During the rebuttal, the authors provided good additional results and some of the reviewers raised their scores. The only reviewer R# zVyp, who remained slightly negative, unfortunately didn’t respond to the rebuttal even after the AC emailed the reviewer twice.
The AC feels that R# zVyp’s major concern, that the paper consists of a combination of foundation models and therefore lacks insight, is not valid as our community should be inclusive to new ideas and certainly foundation models were developed to be cornerstones for building more advanced/specialist models.
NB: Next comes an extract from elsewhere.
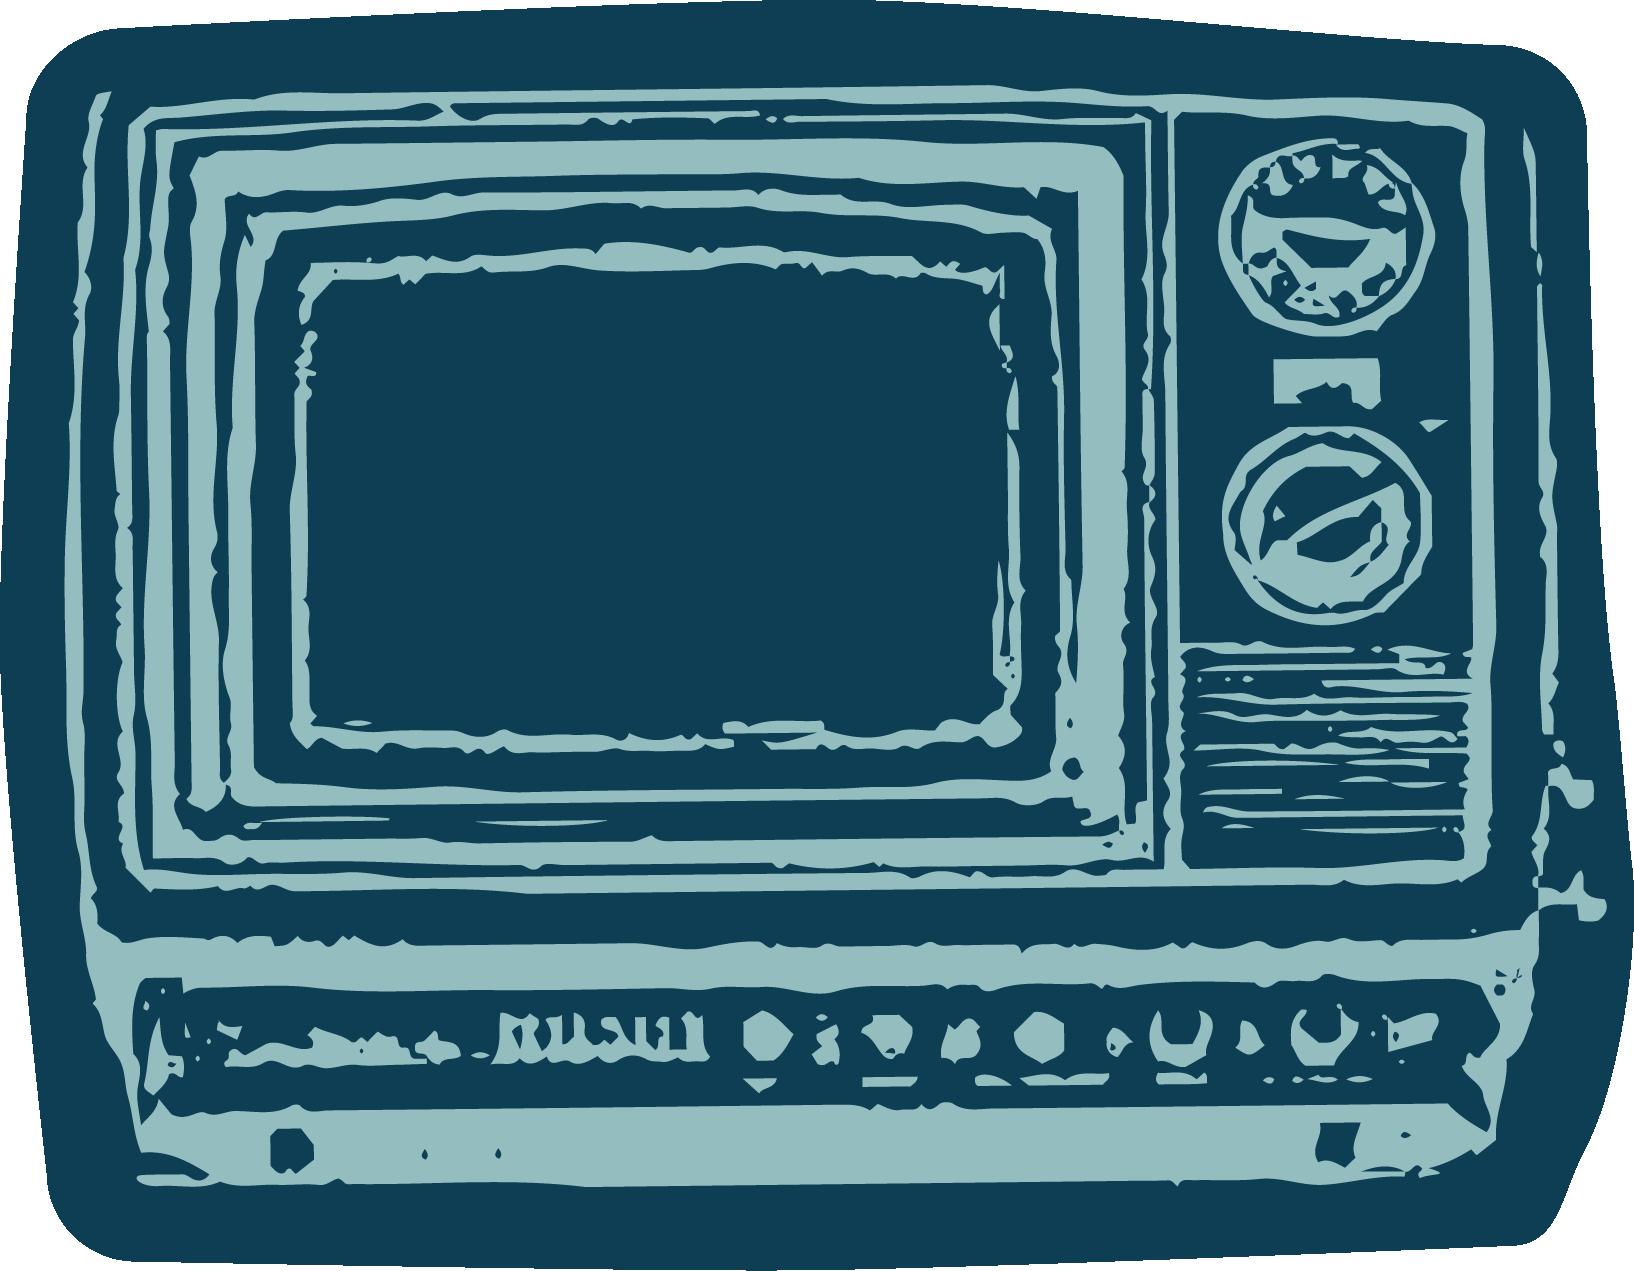 WATCH_TV.png
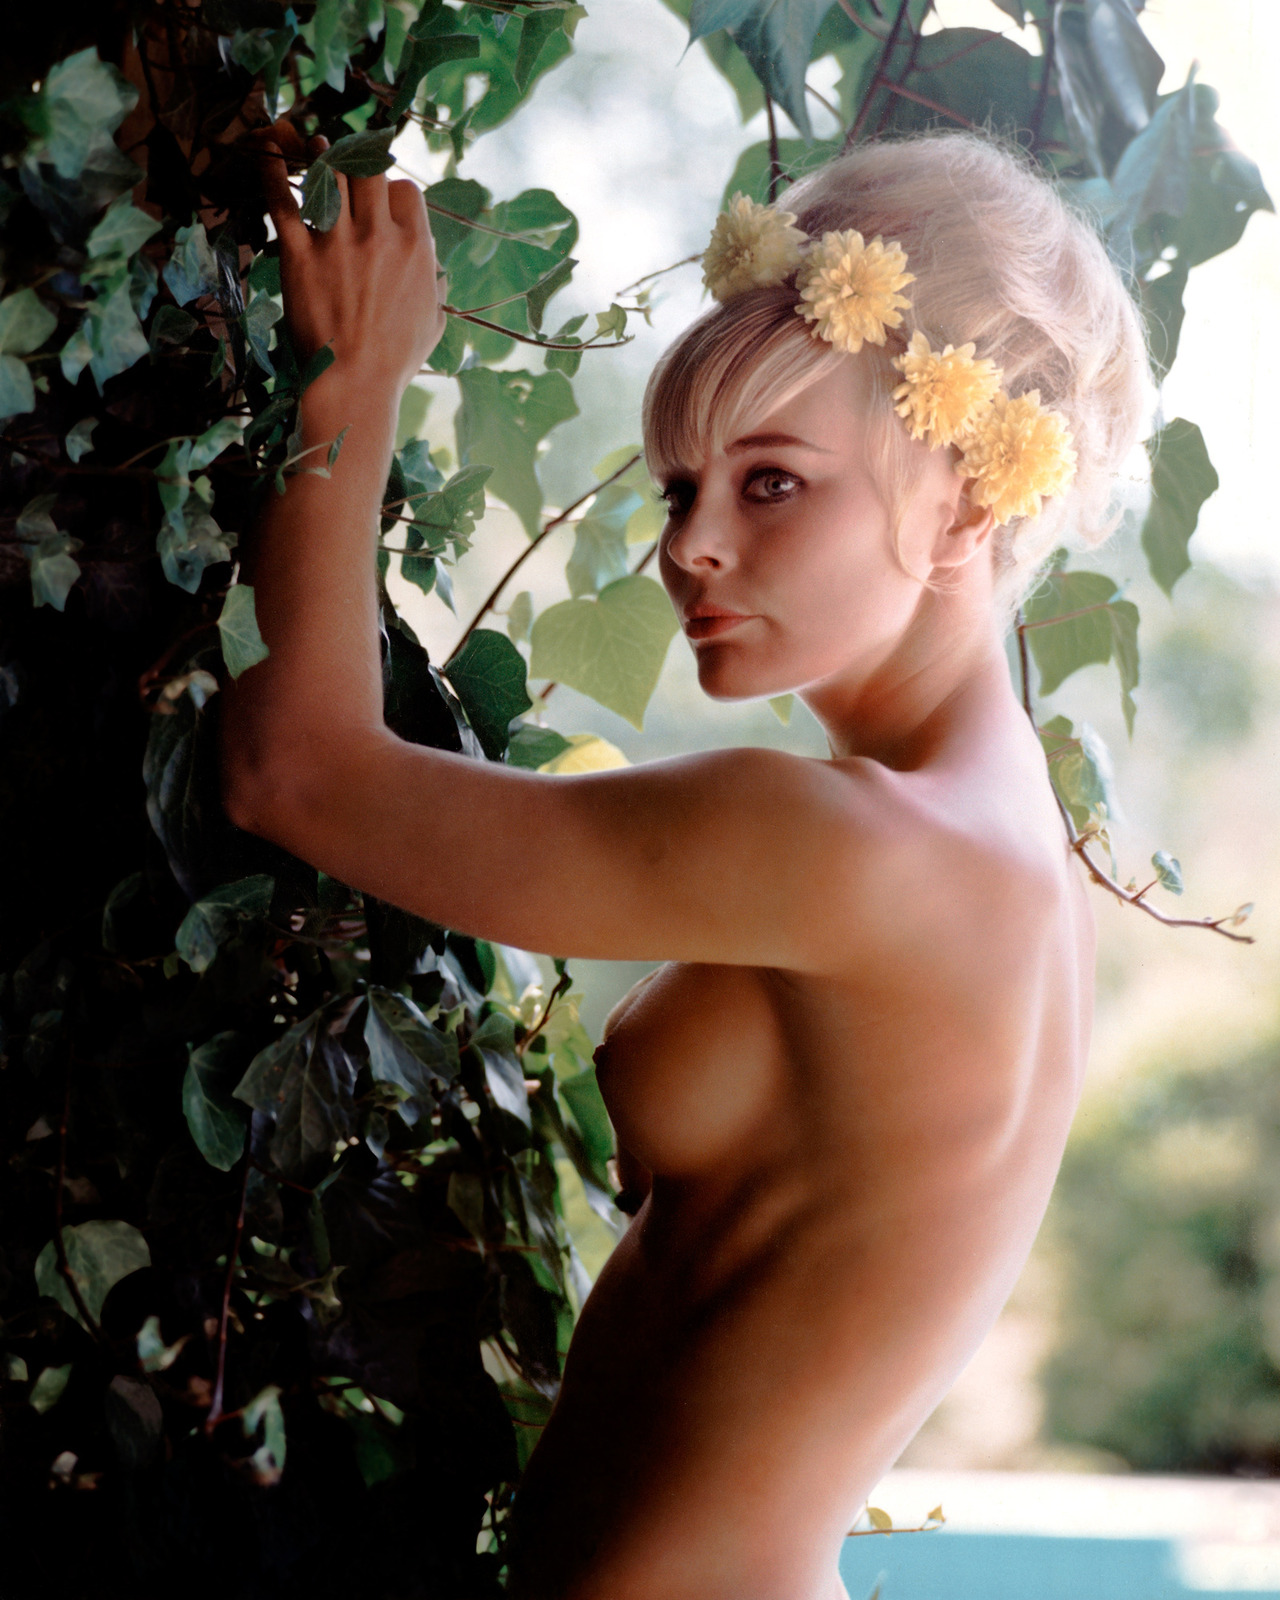 Images Samantha DiGiacomo nudes (94 photos), Tits, Leaked, Boobs, swimsuit 2006

The AC recommends “accept” as the paper demonstrated superior performance and the contribution is acknowledged by all three other reviewers.
为何不给更高分
The paper consists of a good combination of off-the-shelf vision foundation models and got good results, but orals/spotlights are reserved for papers with greater impact. I don't feel that this paper reached that impact compared to others in my batch.
为何不给更低分
The paper explored a new area with a lot of novel ideas and good results. Three of four reviewers recommended (marginal) accept. I think it will start a trend of using VFMs to do a lot of cool things.